= ABOUT THIS EXERCISE =
The full set of lines below has to be duplicated exactly, with no picture kept.

= GIVEN MATERIAL =
----

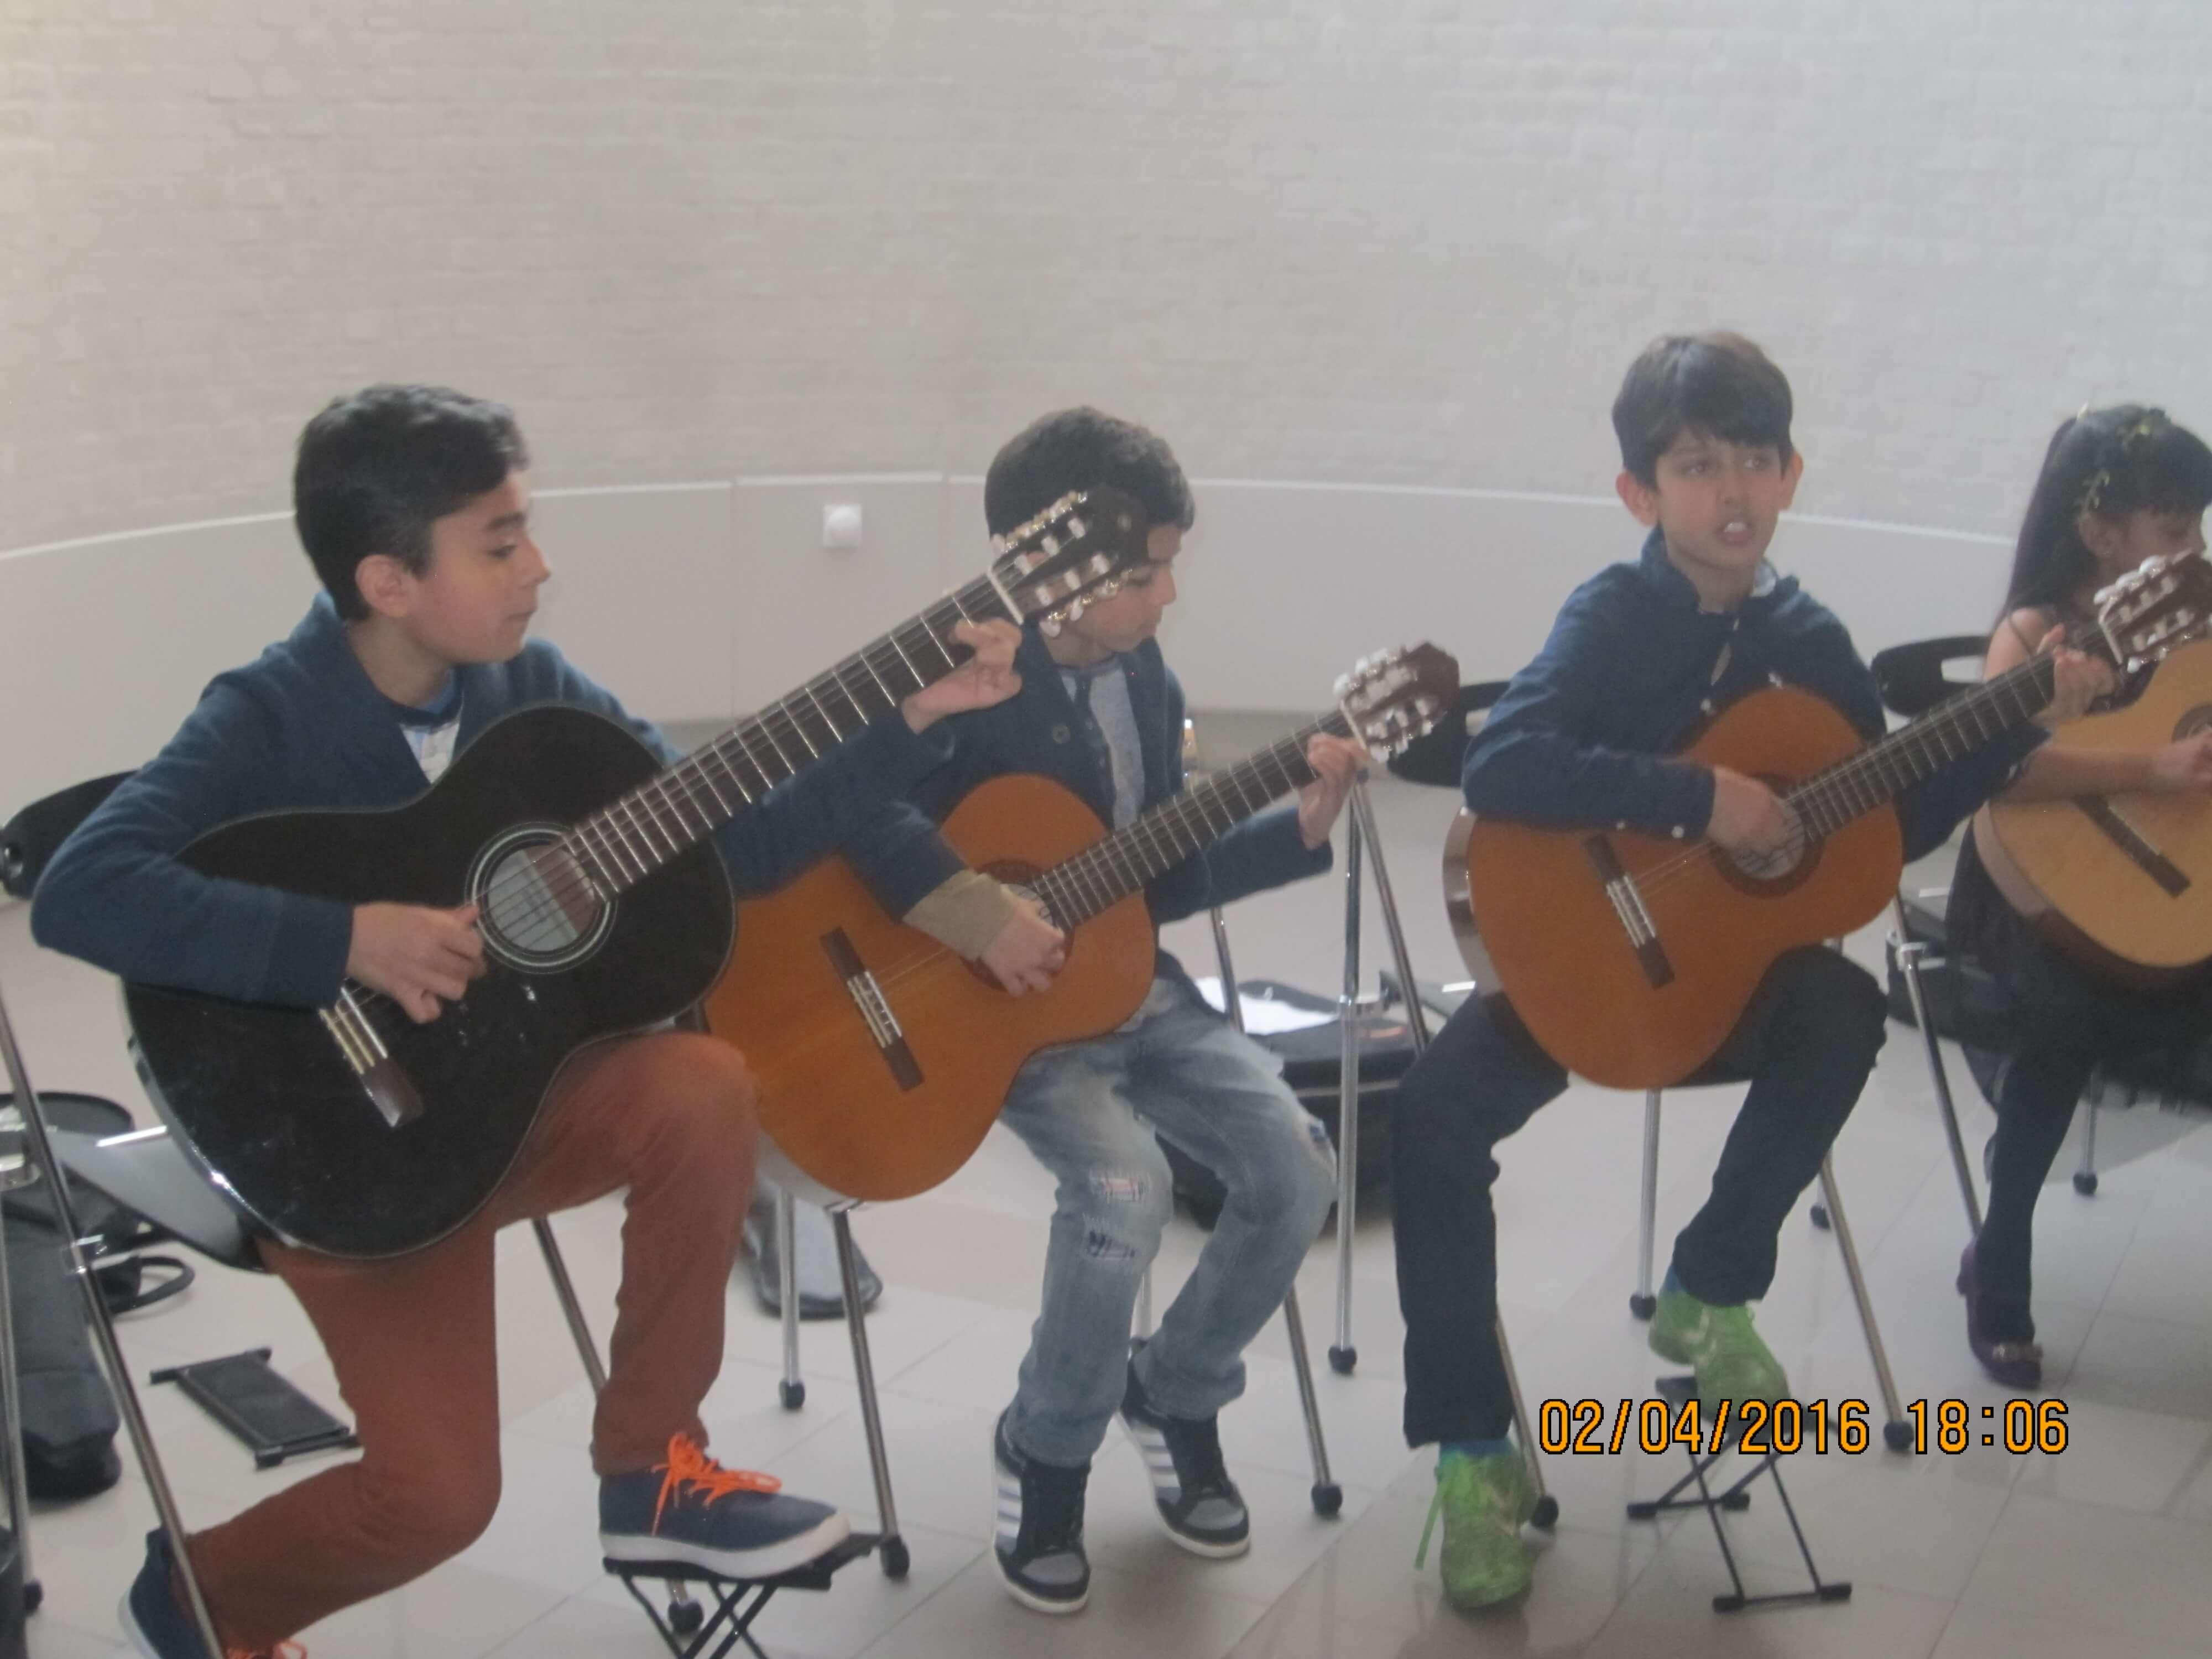 Trio in backstage
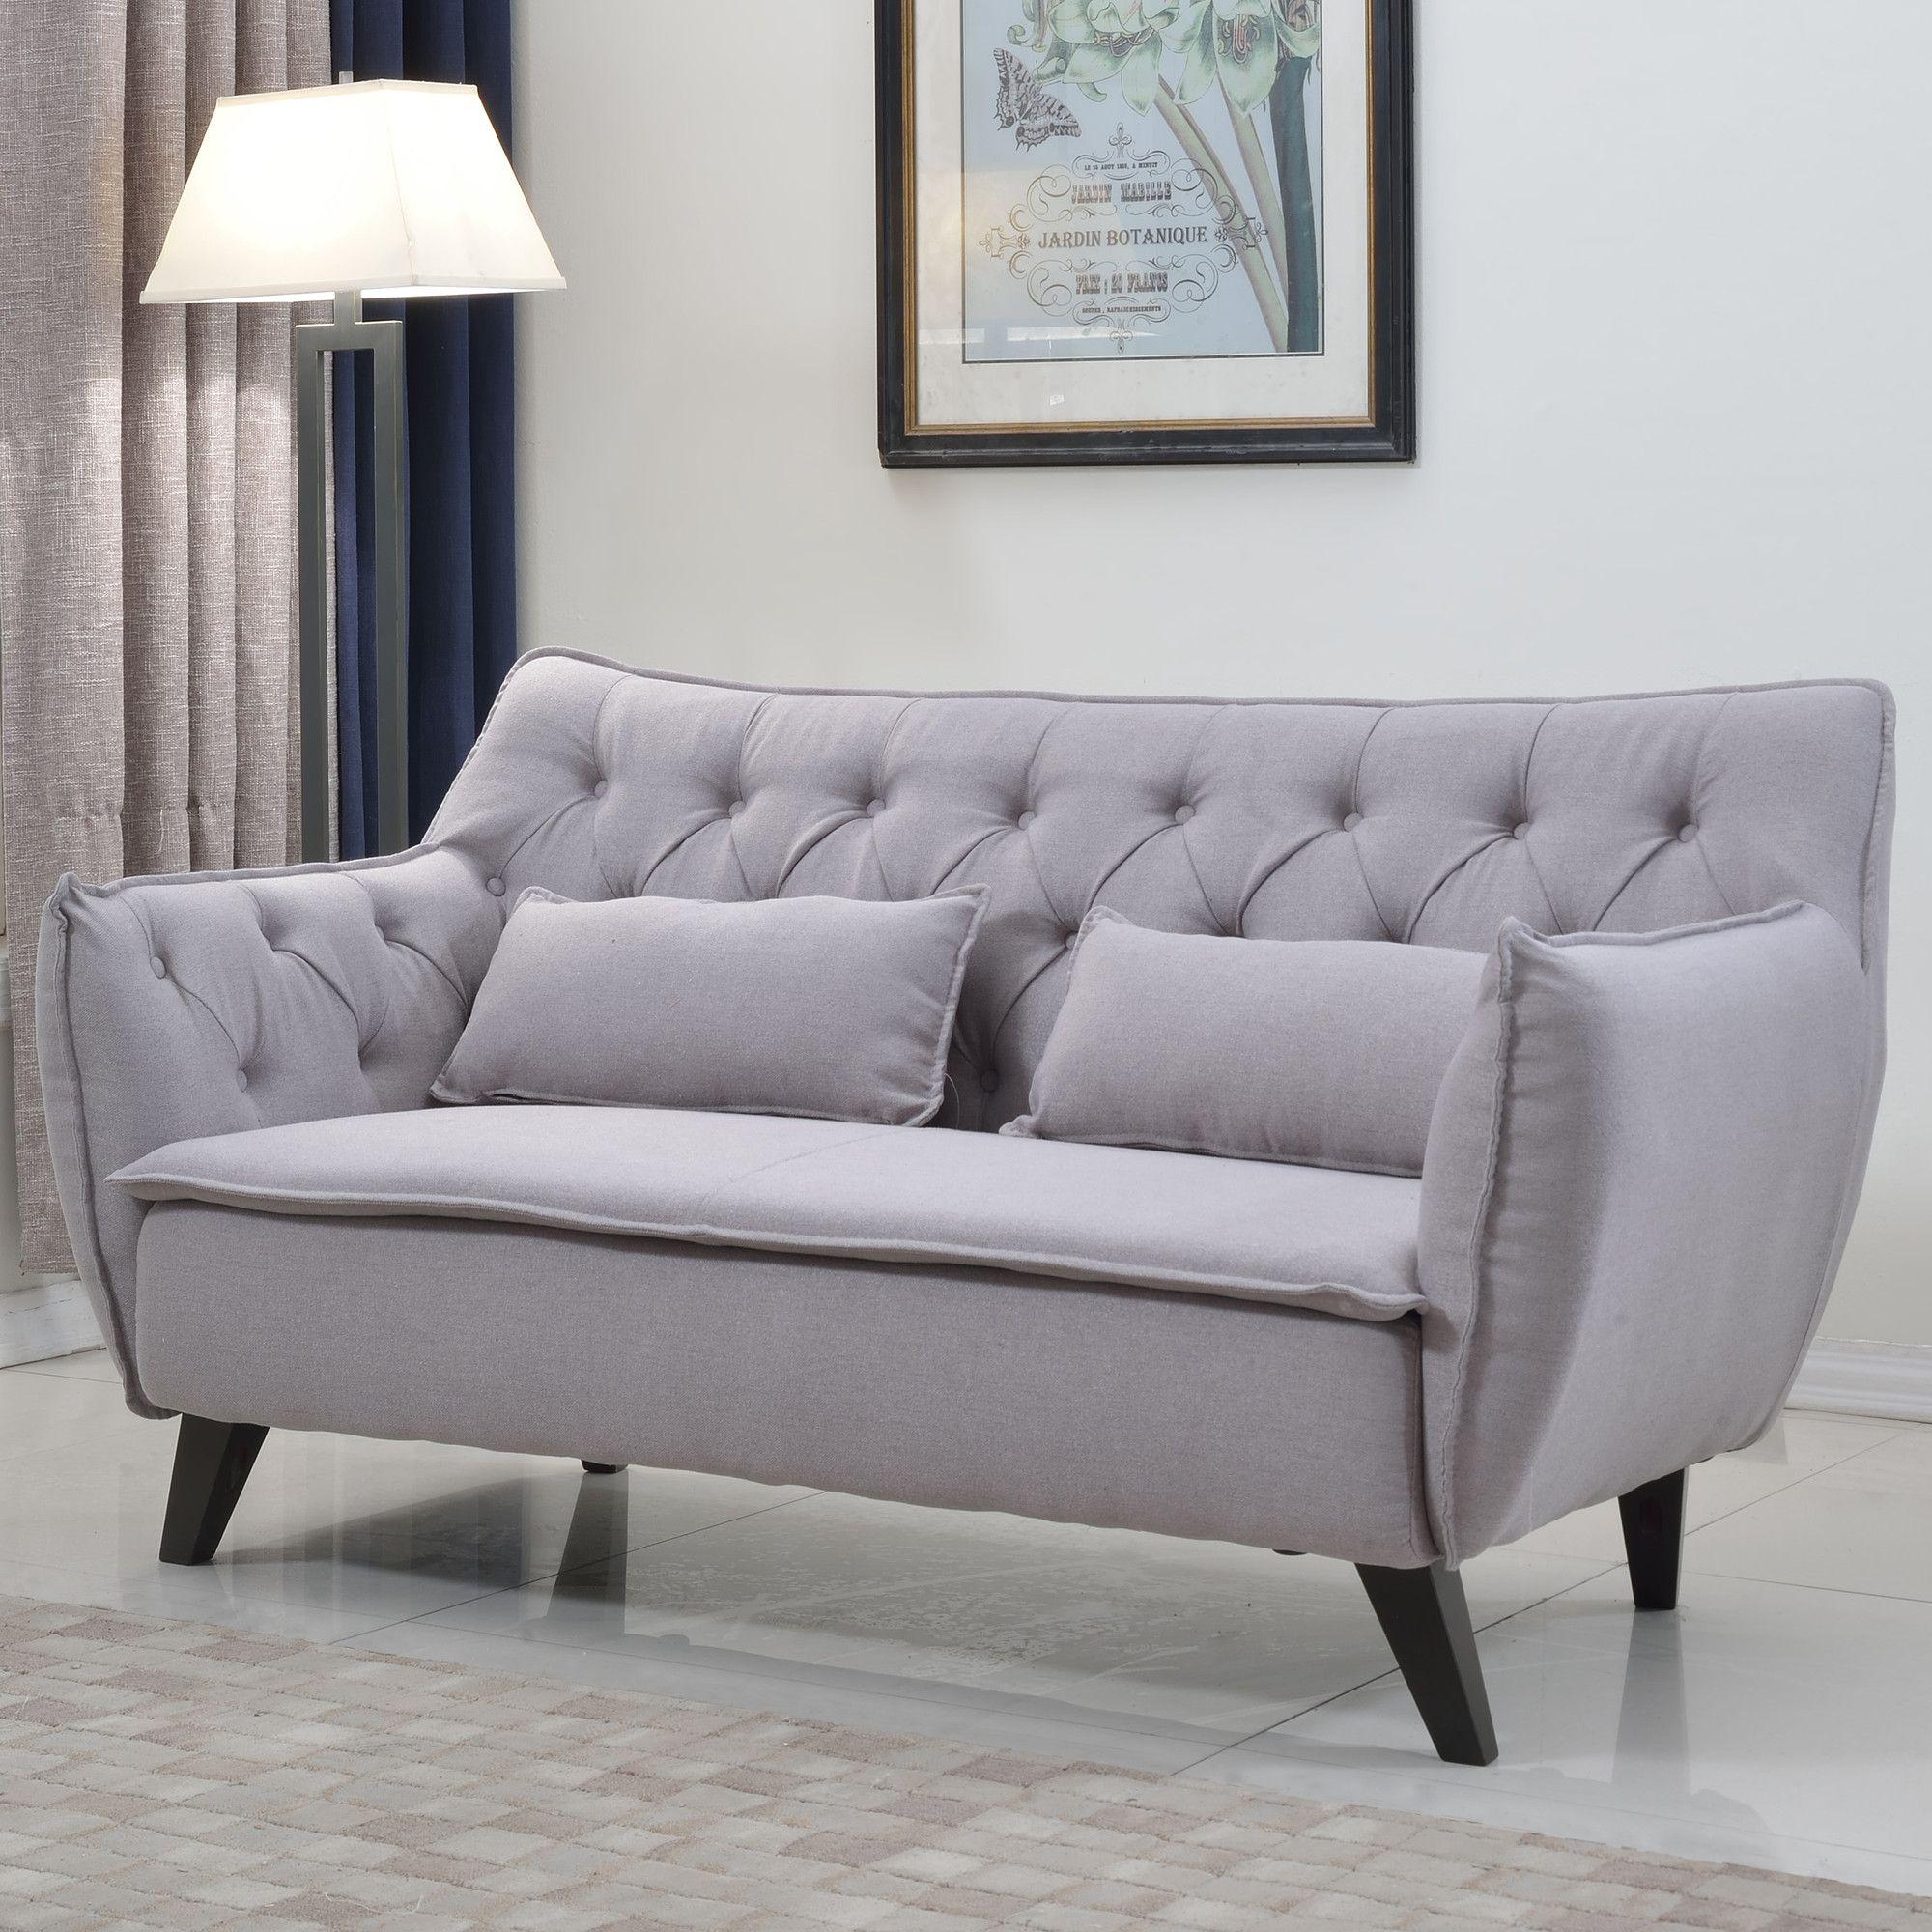 mid century modern loveseat products living room furniture rh pinterest com
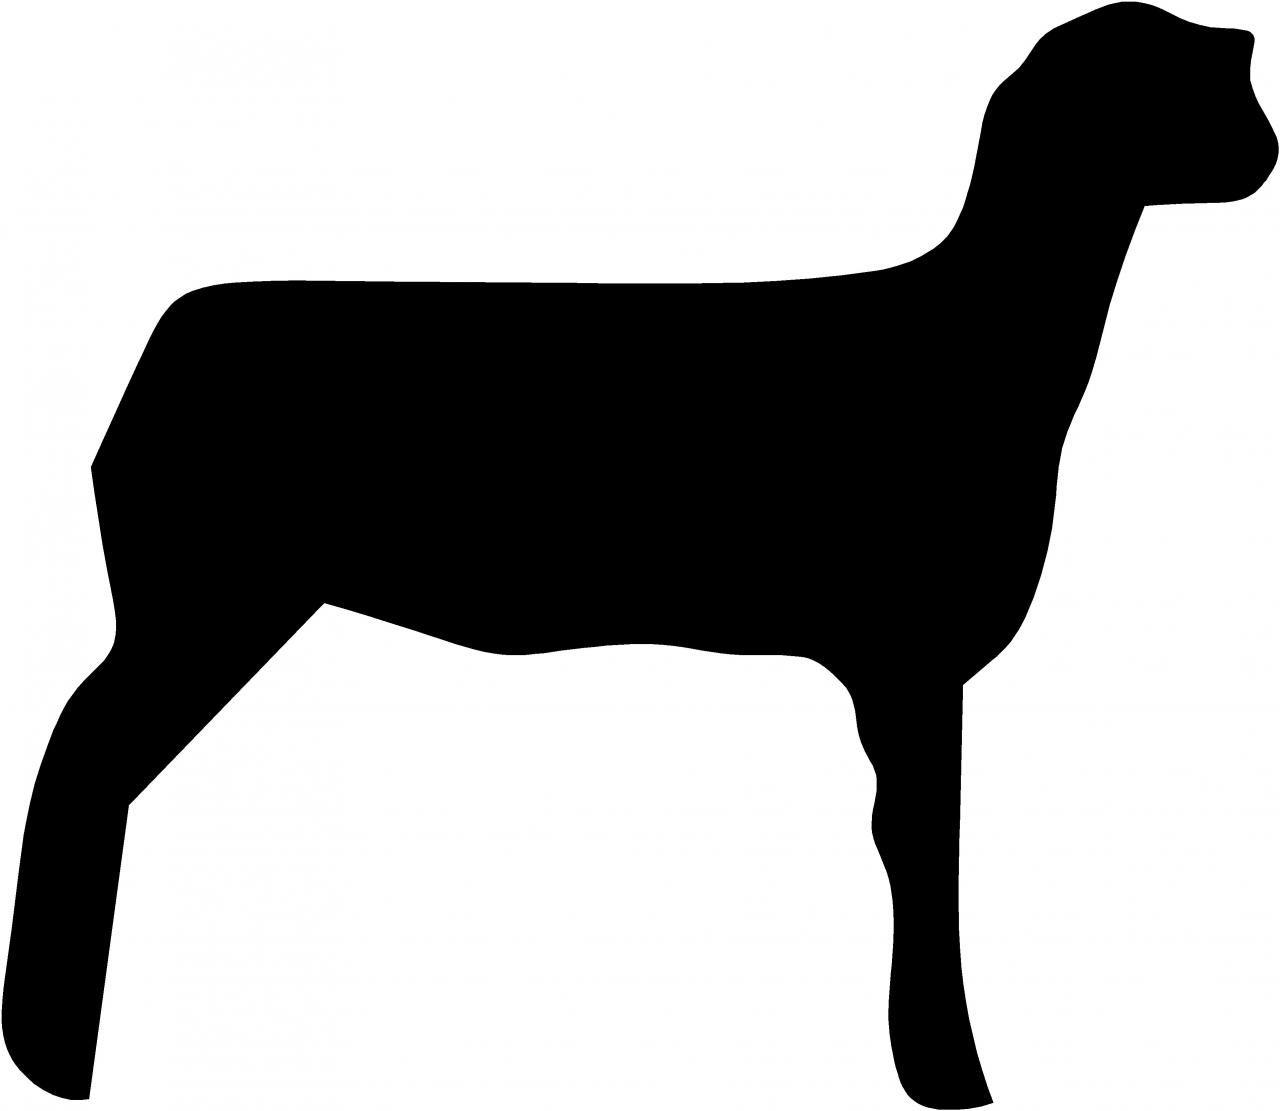 1280x1111 Go Back Images For Show Sheep Silhouette Cricut Image Ideas

----

= RESPONSE BELOW =
 Trio in backstage
 mid century modern loveseat products living room furniture rh pinterest com
 1280x1111 Go Back Images For Show Sheep Silhouette Cricut Image Ideas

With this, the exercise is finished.